= WHAT THE TASK ASKS =
Starting with the line in which "A large warehouse" appears, give back every line exactly as written until the listing ends, excluding pictures.

= INFORMATION SHOWN =

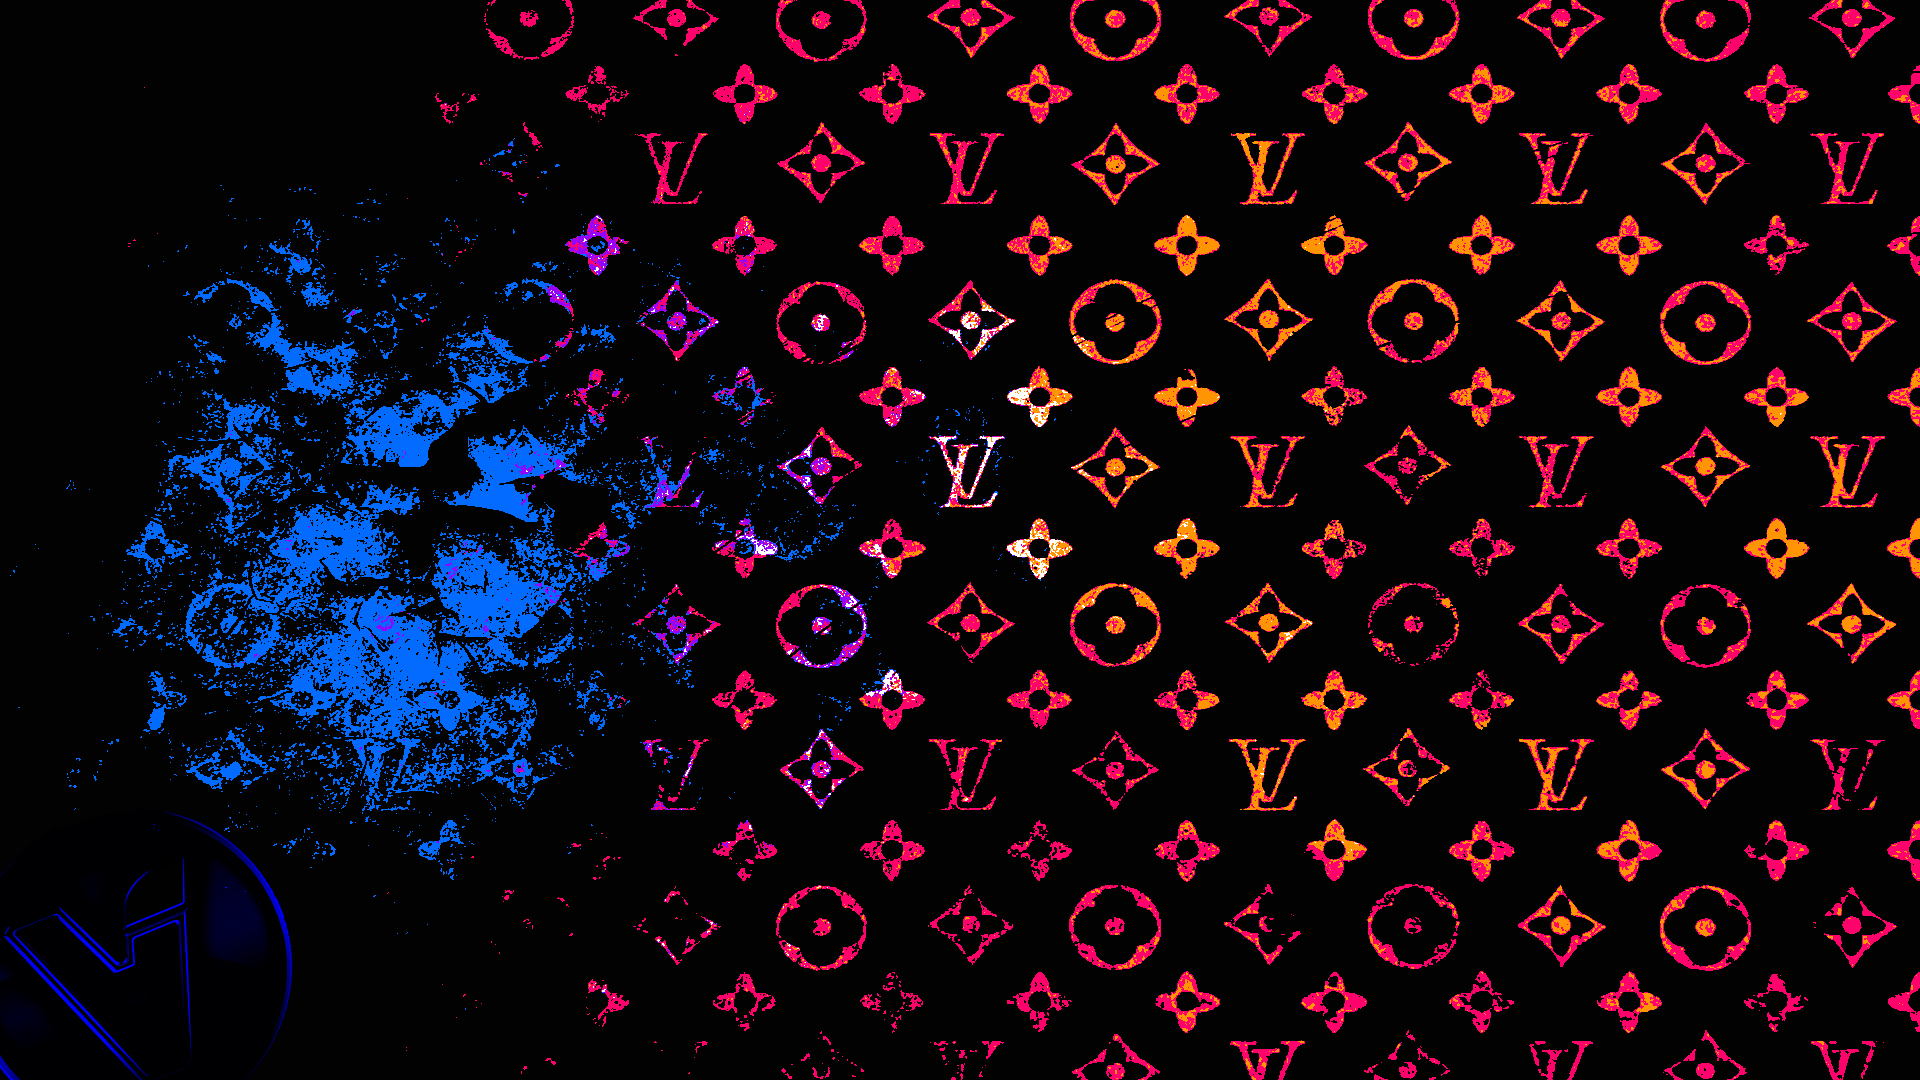 Louis Vuitton wallpaper by jxgaming231 - Download on ZEDGE™
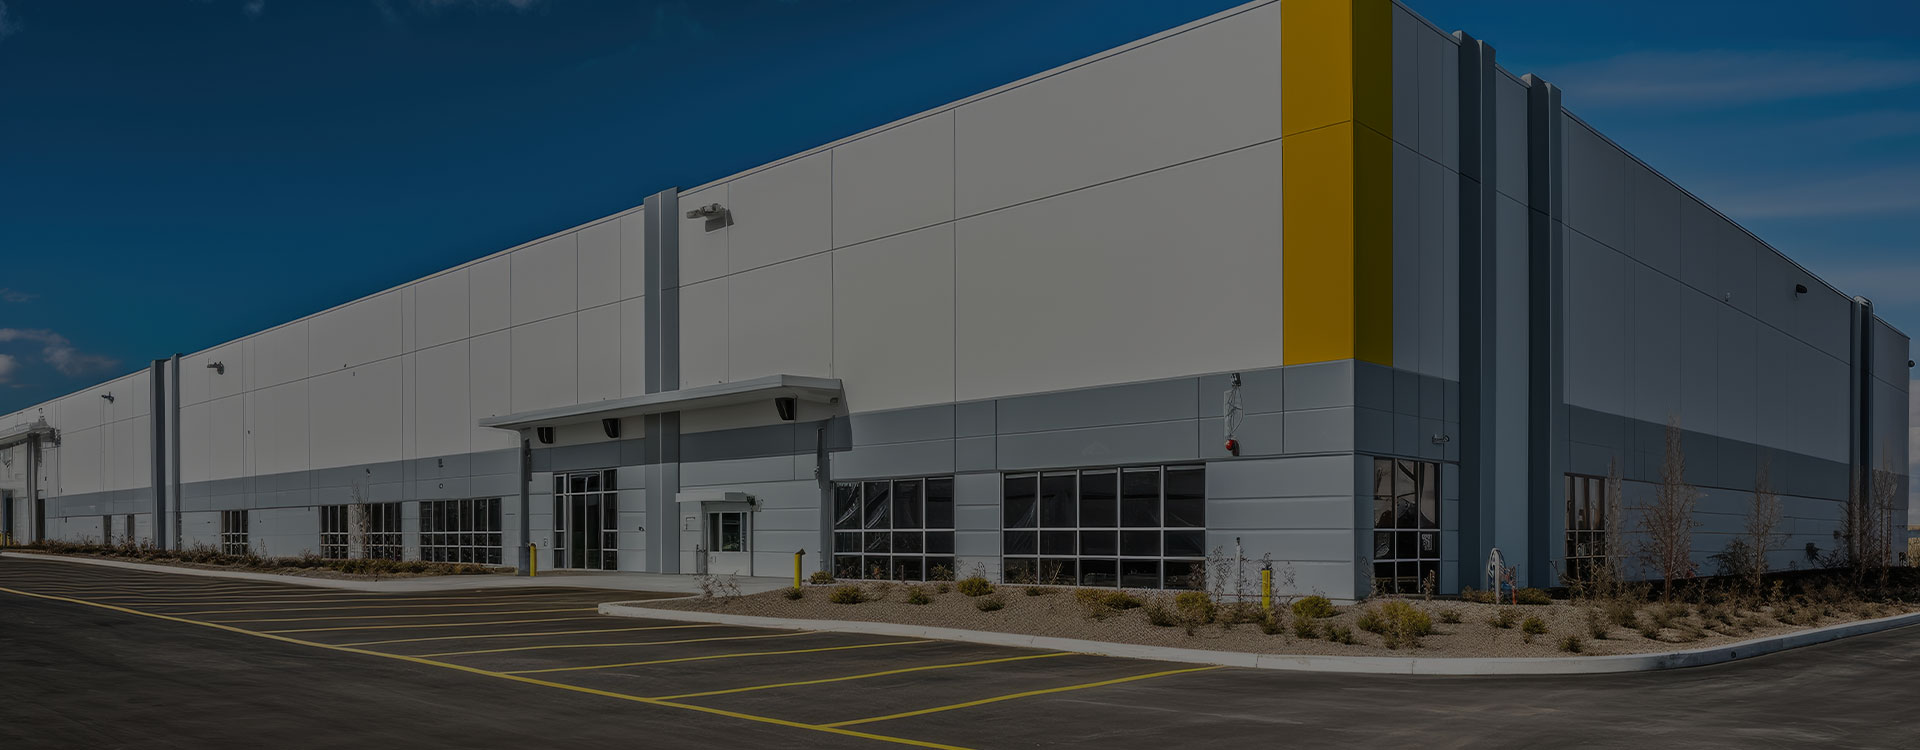 A large warehouse building with yellow accents.
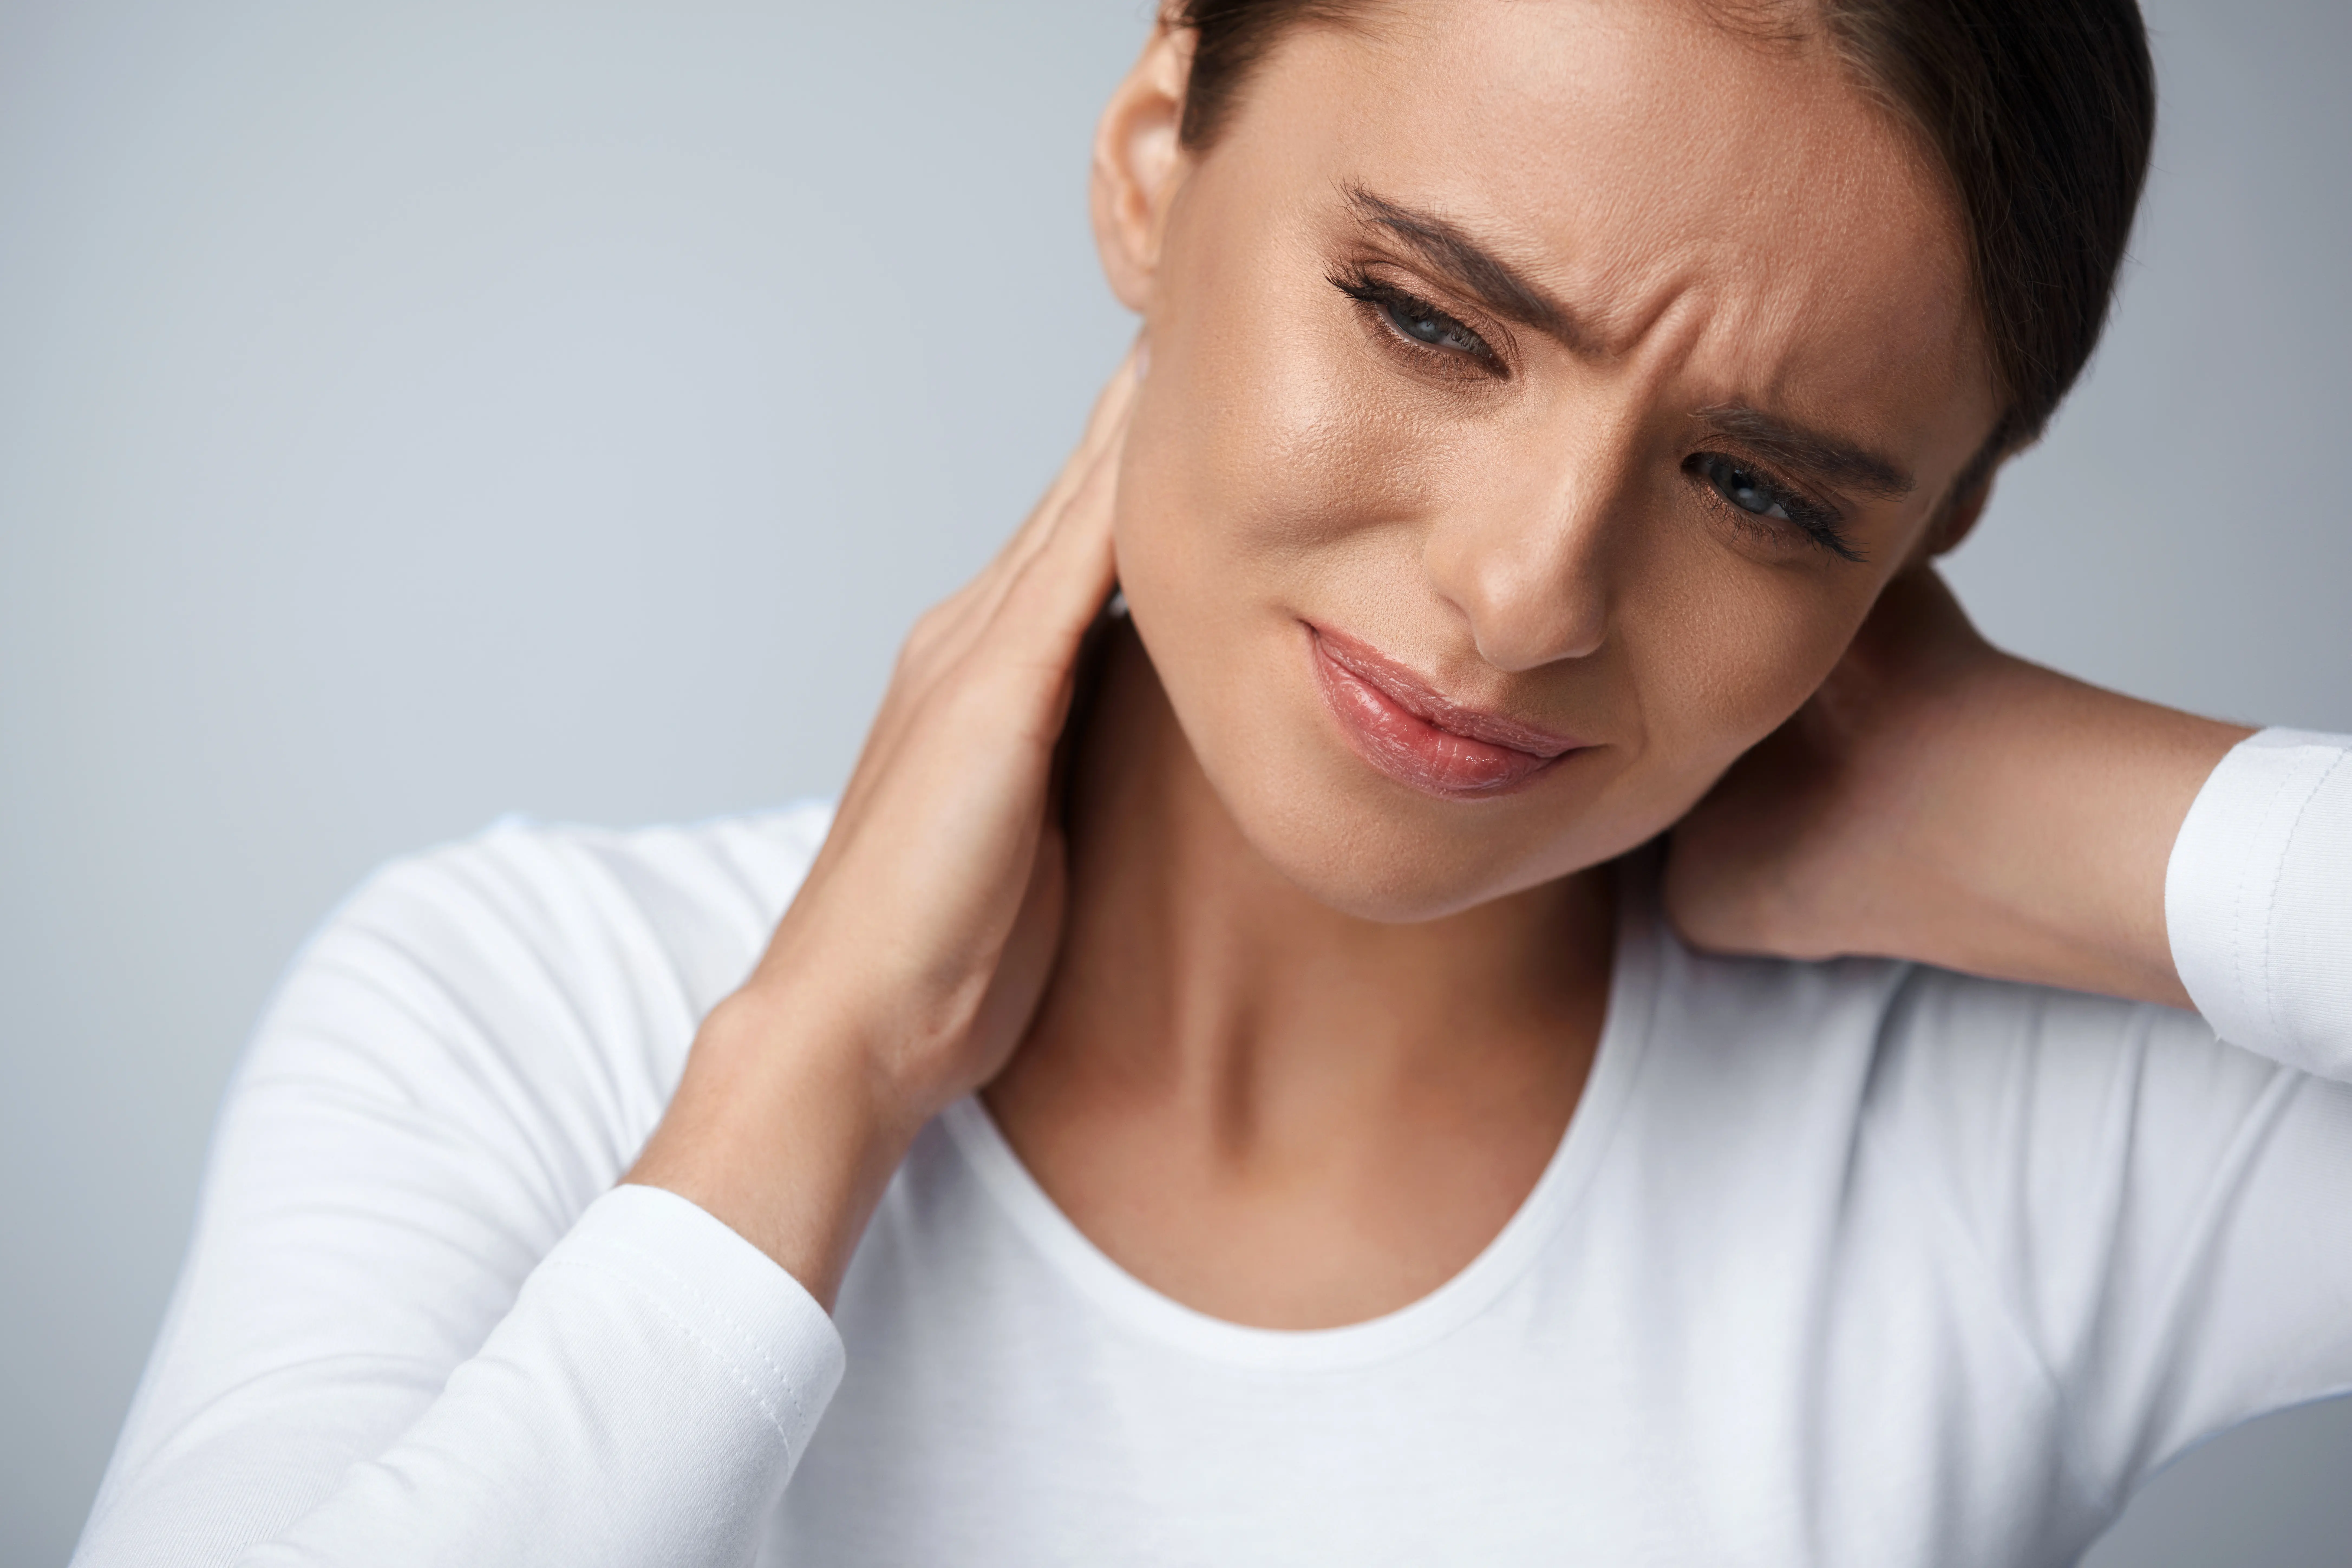 Is it Chronic or Acute Pain?

= RESPONSE =
 A large warehouse building with yellow accents.
 Is it Chronic or Acute Pain?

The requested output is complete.